In cohort studies with a binary outcome, risk ratios and risk differences are typically more appropriate to report than odds ratios from logistic regression, yet such models have historically been difficult to implement in standard software.

The risks package selects an efficient way to fit risk ratio or risk difference models successfully, which will converge whenever logistic models converge. Optionally, a specific approach to model fitting can also be requested. Implemented are Poisson models with robust covariance, binomial models, logistic models with case duplication, binomial models aided in convergence by starting values obtained through Poisson models or logistic models with case duplication, binomial models fitted via combinatorial expectation maximization (optionally also with Poisson starting values), and estimates obtained via marginal standardization after logistic regression with bootstrapped or delta method for confidence intervals.

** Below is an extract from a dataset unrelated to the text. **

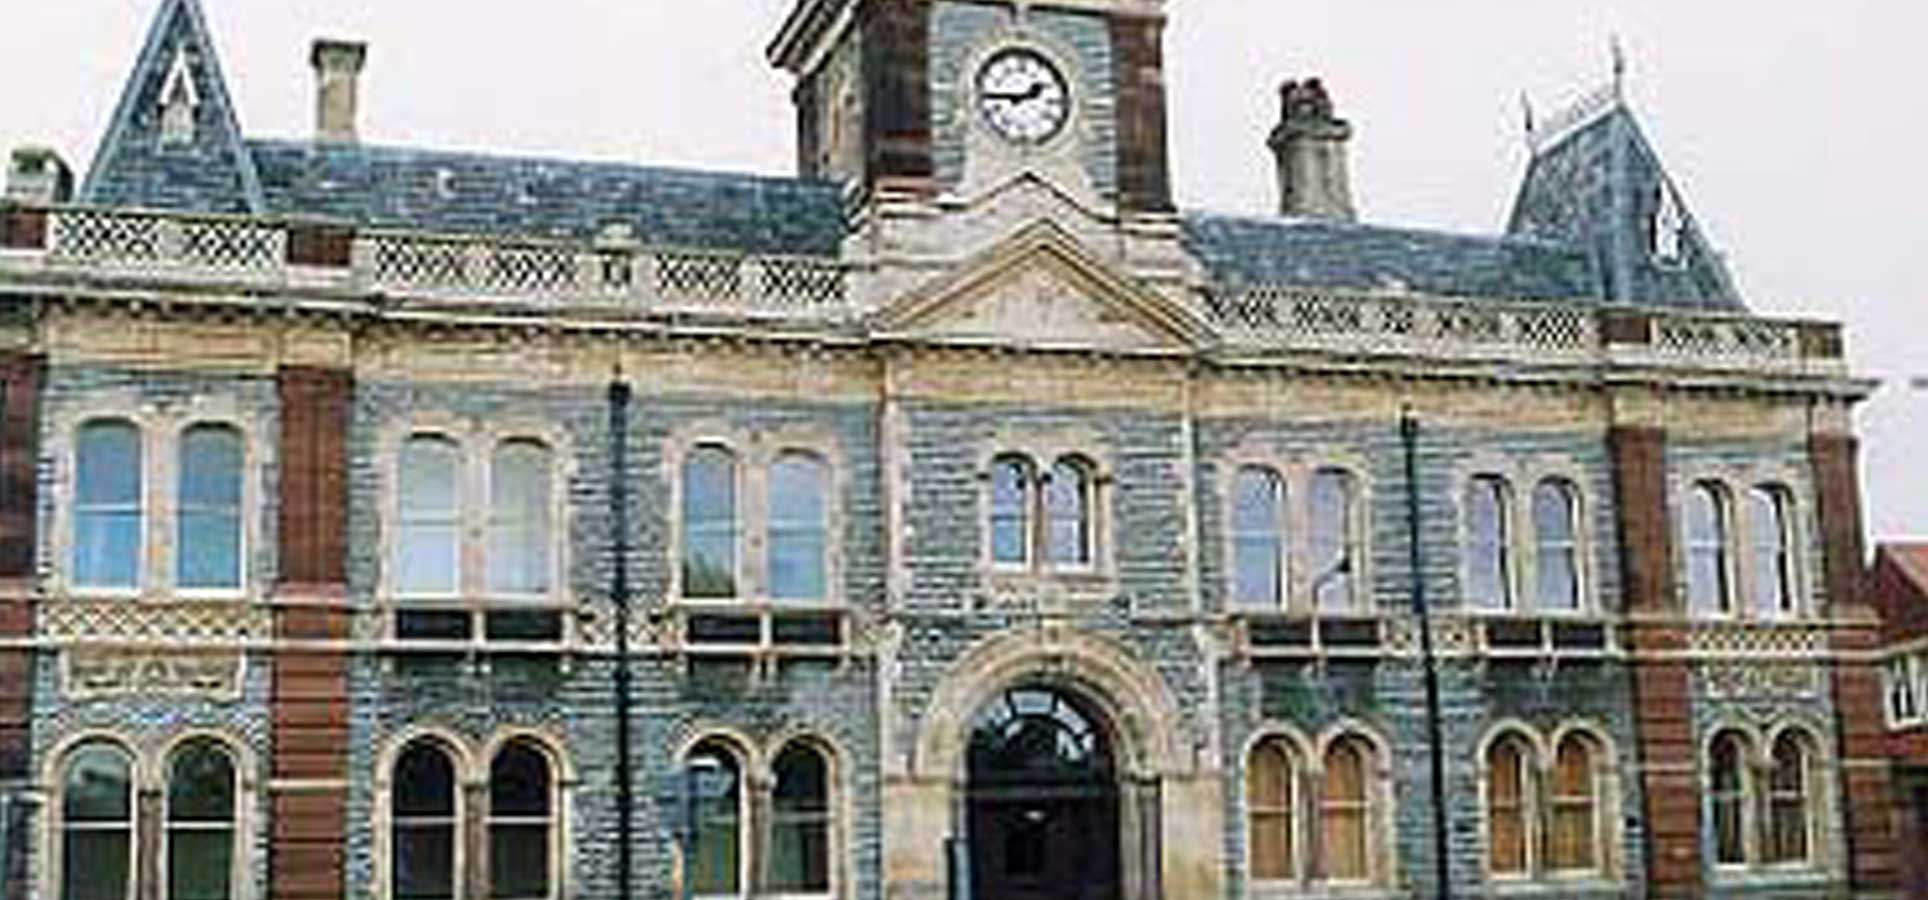 Castle Brewery, Newark, Jessops Construction Ltd

Adjusting for covariates (e.g., confounders) in the model specification (formula =) is possible.

Usage

riskratio(
  formula,
  data,
  approach = c("auto", "all", "robpoisson", "duplicate", "glm", "glm_startp",
    "glm_startd", "glm_cem", "glm_cem_startp", "margstd_boot", "margstd_delta",
    "logistic", "legacy"),
  variable = NULL,
  at = NULL,
  ...
)

riskdiff(
  formula,
  data,
  approach = c("auto", "all", "robpoisson", "glm", "glm_startp", "glm_cem",
    "glm_cem_startp", "margstd_boot", "margstd_delta", "legacy"),
  variable = NULL,
  at = NULL,
  ...
)

Arguments

formula

A formula object of the form response ~ predictors.

data

A tibble or data.frame object.

approach

Optional: Method for model fitting.

  • "auto" (default) is recommended; it will return results of "margstd_delta" unless interaction terms between exposure and confounders are included. This these cases, results from "margstd_boot" are returned.

  • "all" will attempt to fit the model via all implemented approaches to allow for comparisons.

  • "legacy" selects the most efficient approach that converges and ensures that predicted probabilities are within range (< 1).

The other options allow for directly selecting a fitting approach, some of which may not converge or yield out-of-range predicted probabilities. See full documentation for details.

  • "glm" Binomial model.

  • "glm_startp" Binomial model with starting values from Poisson model.

  • "glm_startd" Binomial model with starting values from logistic model with case duplication.

  • "robpoisson" Poisson model with robust covariance.

  • "duplicate" Logistic model with duplication of cases. Only available in riskratio().

  • "glm_cem" Binomial model fitted with combinatorial expectation maximization.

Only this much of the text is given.